The second prognostic factor that was associated with likelihood of recanalization was the BATMAN score, determined in baseline CTA. CT is the most widely performed imaging modality in acute stroke, and CTA the standard approach to diagnose BAO, allowing the noninvasive assessment of the collateral status, which might have an important impact on the outcome of BAO patients. The BATMAN score takes into account both the extent of the occlusion (i.e. number of obstructed perforating arteries and therefore extent of ischemia), and the presence of Pcom arteries that are known to be associated with a better prognosis in BAO [1]. It has been described that the additional assessment of collateral quality to clot burden improves the diagnostic accuracy in BAO stroke [1].
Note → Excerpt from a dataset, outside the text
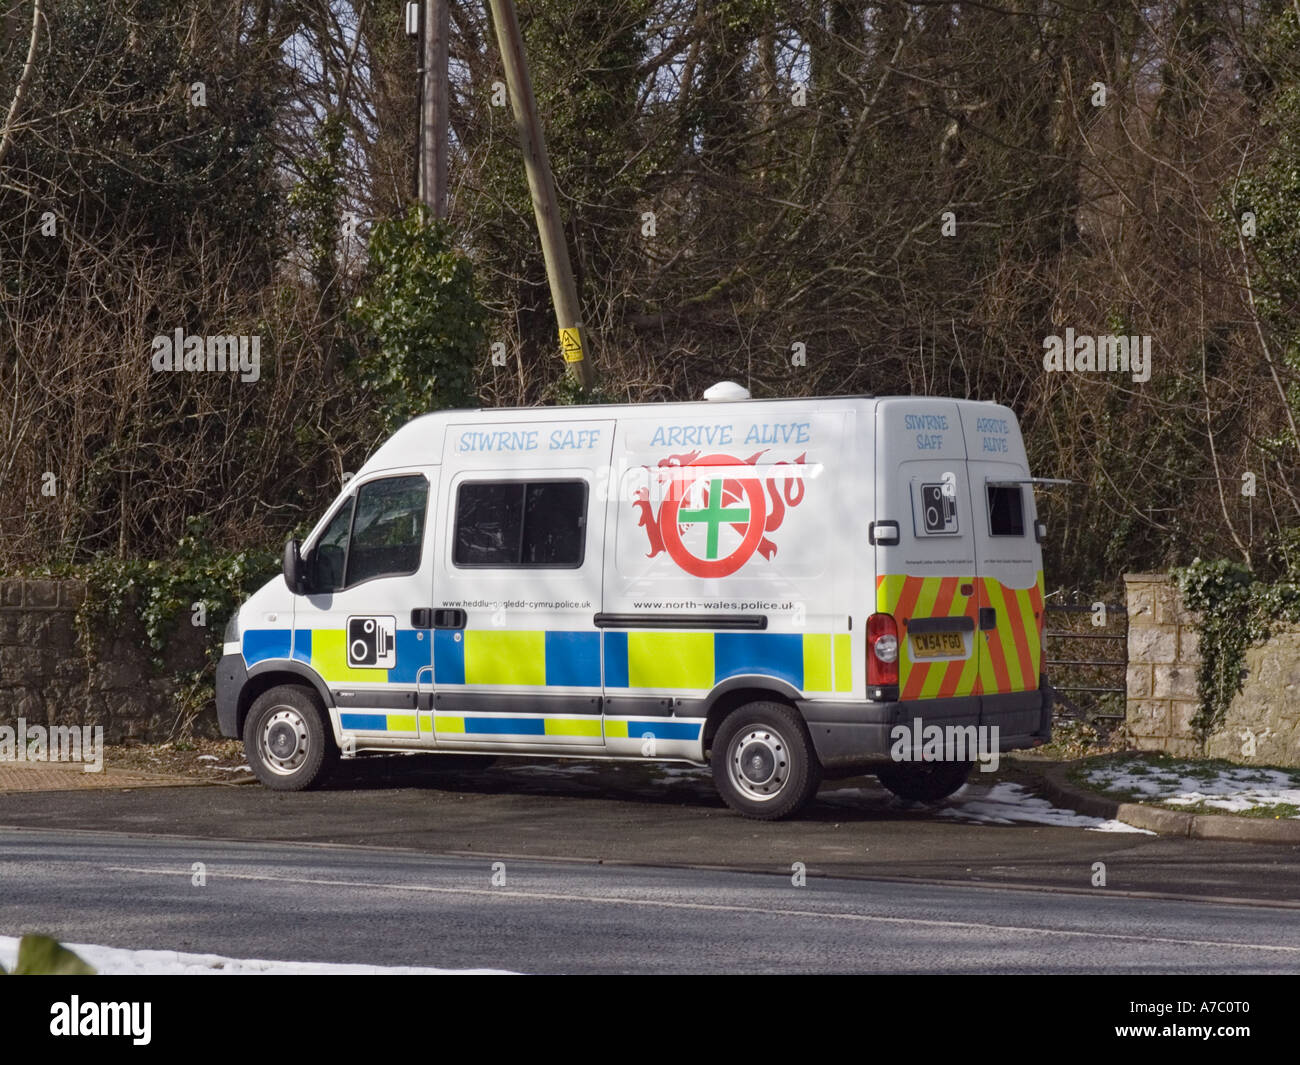 http://c8.alamy.com/comp/A7C0T0/police-mobile-speed-camera-vehicle-parked-beside-road-in-30-mph-speed-A7C0T0.jpg
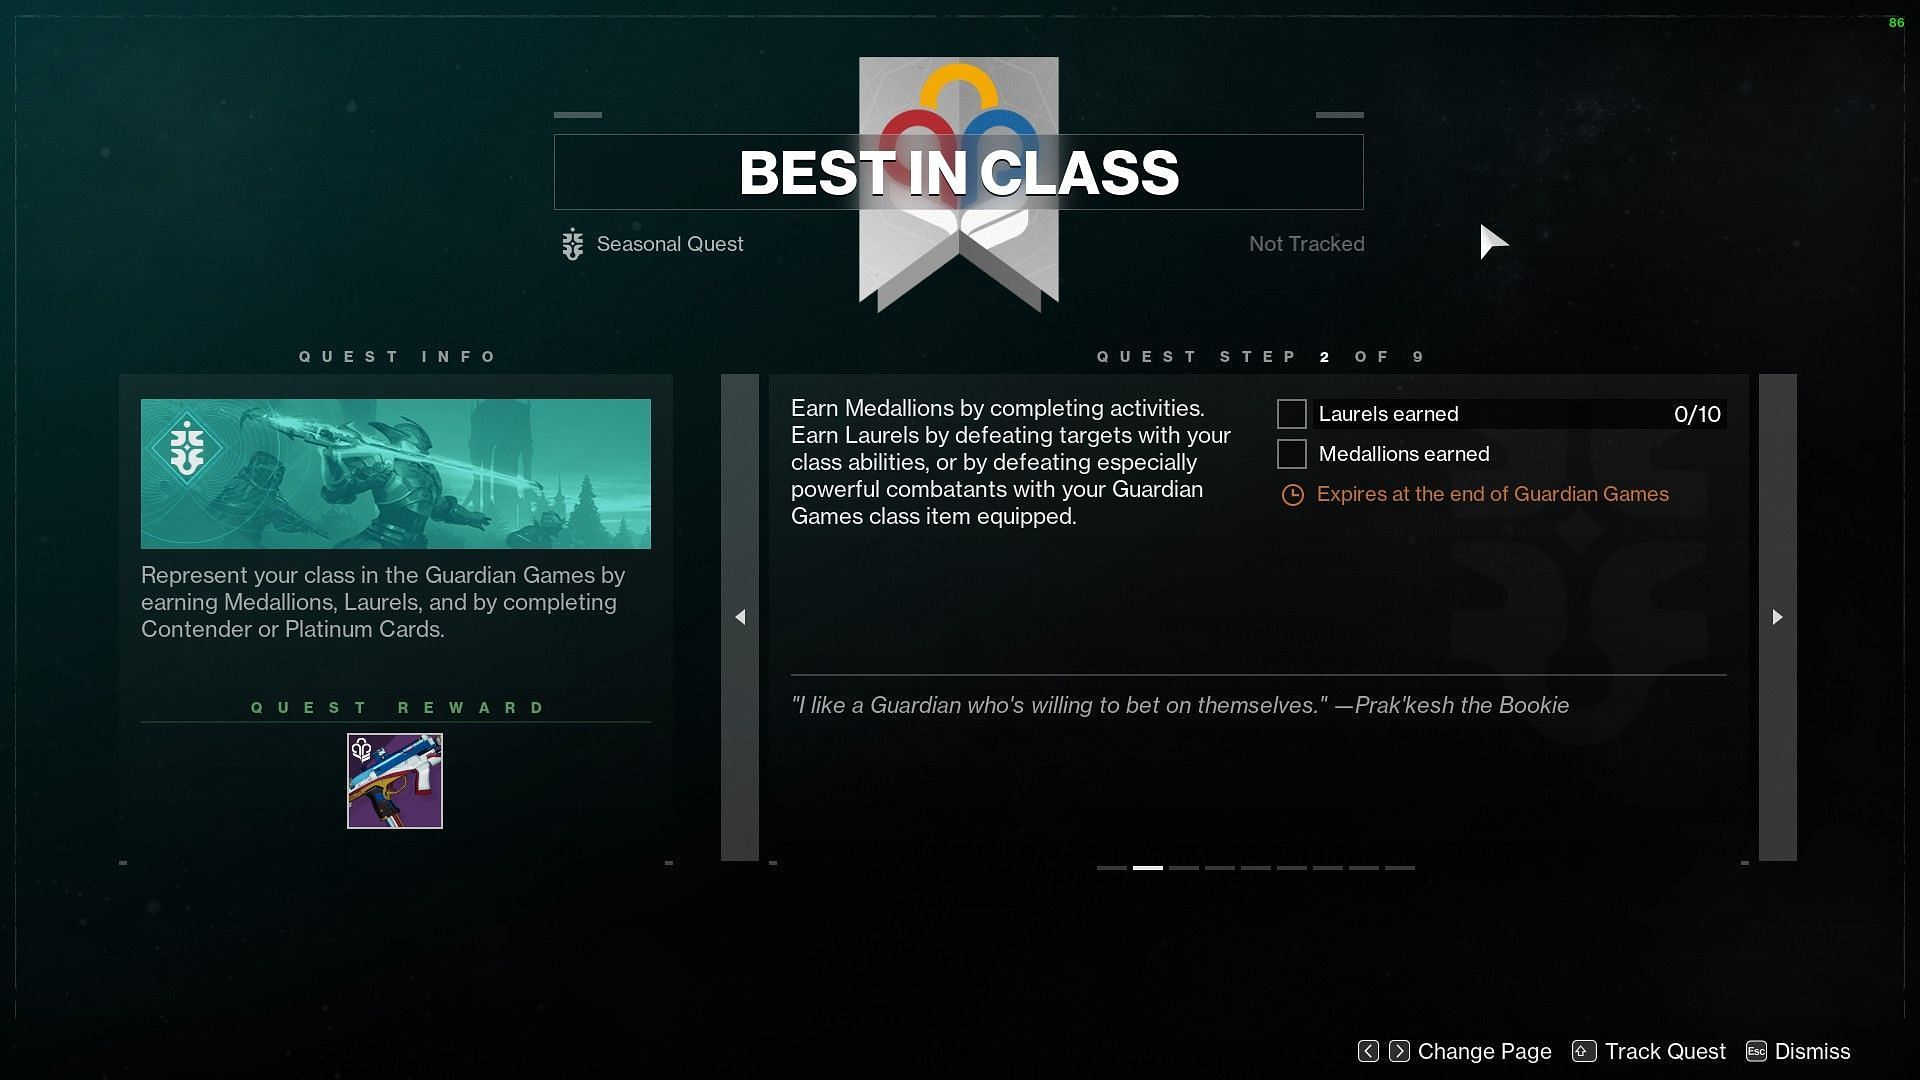 Best in Class step 2 of the main quest for The Title (Image via Destiny 2)

To our knowledge, this is the first study that investigated baseline variables associated with successful recanalization in BAO, and the first study to analyze how BGL directly affects the likelihood for vessel recanalization, depending on the collateral status, and clot burden. Analyzing factors associated with successful recanalization in BAO has particular clinical relevance considering the very poor outcomes associated with incomplete or failed MT and the comparably lower effect of intravenous alteplase (i.e. recanalization rate approximately 4% in BAO compared to approximately 30% in middle cerebral artery occlusion) [2, 7, 8].

In accordance with a previous study, we observed in multivariable analysis that successful vessel recanalization is independently associated with better functional outcome (see Table 3) [7]. Besides recanalization status, pcASPECTS was an important predictor of outcome, although not associated with recanalization status. Nevertheless, pcASPECTS should be taken into account in the assessment of posterior circulation stroke patients. Patients with a low pcASPECTS are at particular risk of developing malignant cerebellar edema and should be monitored closely [3, 21].

In the clinical context, the assessment of the BATMAN score and acknowledgement of BGL might help to estimate the likelihood of recanalization, or even consider insistent normalization of BGL to improve chances for successful thrombectomy. A desirable side effect of BGL adjustment might be the reduction of ischemic edema, as recently described [5], which might have a further positive effect on functional outcome. Currently, anti-diabetic drugs are tested as adjuvant treatment option in ischemic stroke, such as Glyburide, an inhibitor of the sulfonylurea receptor-1, and transient receptor potential melastatin 4 (SUR1-TRPM4). It has been reported that glyburide might lower formation of ischemic brain edema, subsequently decreasing infarct volume, reducing mortality, and improving outcomes [16, 24, 26]. Edema reduction could constitute an interesting therapeutic target, as space-occupying edema is regularly associated with devastating outcomes [4]. Despite several previous studies testing neuroprotectants and therapeutic BGL adjustment to improve outcome in stroke, the subjects included in these studies did mostly not achieve reperfusion, which could significantly limit the effects of adjuvant treatment options [6, 25].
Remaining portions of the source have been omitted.